Second, the more accurate the annotation is, the closer the prediction result is to the true value
When the threshold value of IOU is set higher, the model can still get better performance!
Let’s briefly summarize the problems encountered in this experiment
1. The problem of format unification between different data sets
Among many famous public datasets, there are almost no two of them with the same annotation format.
The data set format used in the experiment is also very diverse, such as
Waymo’s 2D box annotation: first of all, it is in tfrecord format, and the 2D box displays xywh information;
The 2D box label of Kitti dataset is in TXT format, and the 2D box displays the information of xyxy;
Cityscape’s 2D box annotation needs to be manually transferred from semantic segmentation to 2D box annotation.
Of course, this is also a normal phenomenon in the early development of the industry. Just like all kinds of mobile phone charging interfaces that appeared in the market around 2000 years ago, graviti is committed to finding a general data annotation format In order to free us from the busy and complex data processing, and to focus more on our algorithm work.
2. Select sample
After the data set format is unified, we need to filter the specific samples to be used. For example, the waymo data set mentioned above is the data collected continuously, but we don’t need to select all the continuous images as the test set.
So in this experiment, we only extract a part of the images as our test set at intervals. For example, we only extract one of the three close scenes as our test set, so it will take a lot of time to filter the sample.
3. Category unification
In this experiment, waymo, Kitty, cityscape three public data sets and graviti Kitty annotation set are used.
The following table lists the classification details of the labels among the four data sets. From this figure, we can see that no matter the type of labels, the number of labels, and the classification criteria of labels are not the same. For example, waymo’s vehicle category includes Kitti’s van and tram categories, and the bus category in cityscape is not exactly the same as Kitti’s van category.

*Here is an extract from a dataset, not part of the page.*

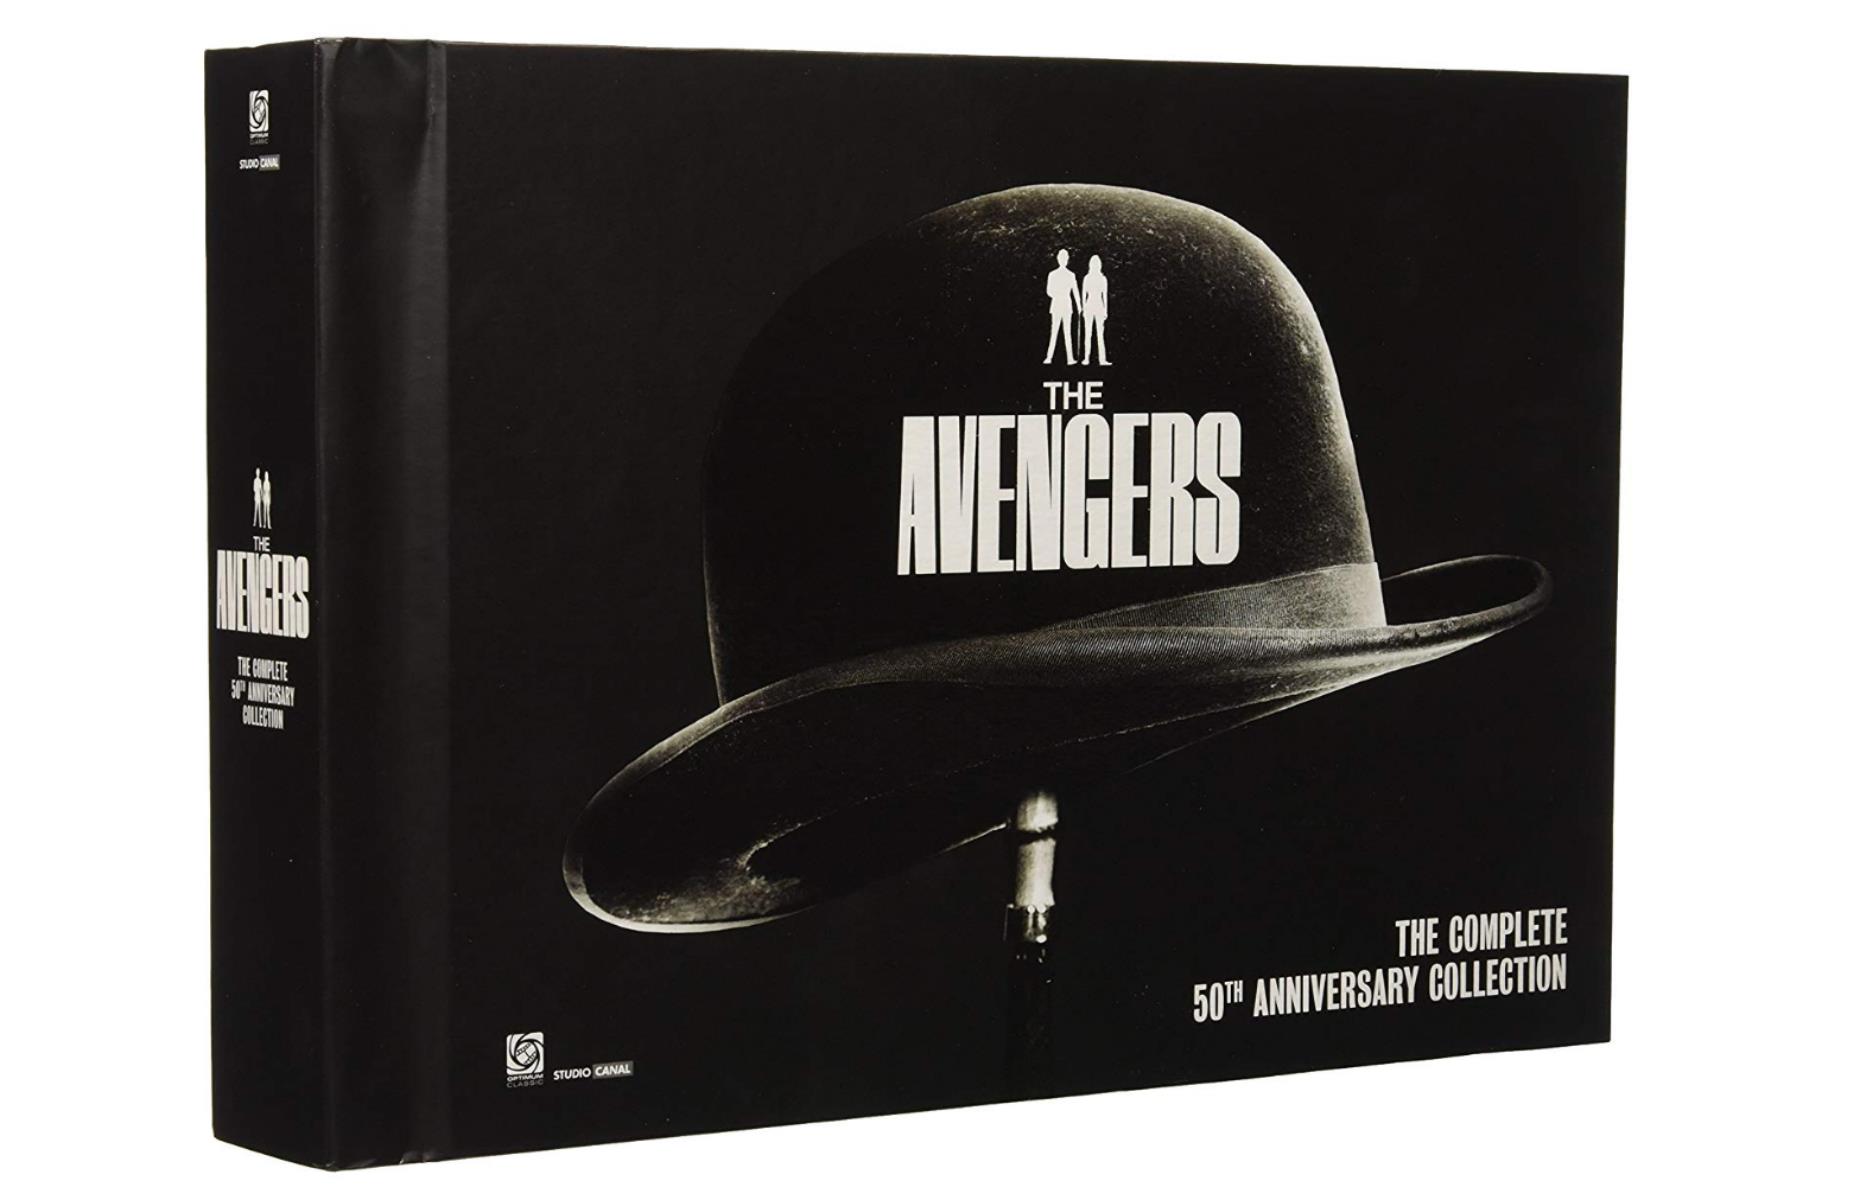  The Avengers: The Complete 50th Anniversary Collection DVD Box Set

(4) Data set download abroad
I believe we all have a deep feeling that many foreign datasets need special tools to download, and the network speed is very moving. In view of some pain points in the use of open datasets by Algorithm Engineers, we will launch the function of open datasets in late August. We will provide public data set index, domestic site download, and we will also provide data set annotation and annotation visualization, so that you can quickly understand the visualization of data set annotation,
If you are interested in our products, you can log on to the official website: http://http://www.graviti.cn/
You can also scan the left side of the code to enter our communication group. Welcome to give us more feedback. On the right is our official account to understand more developments.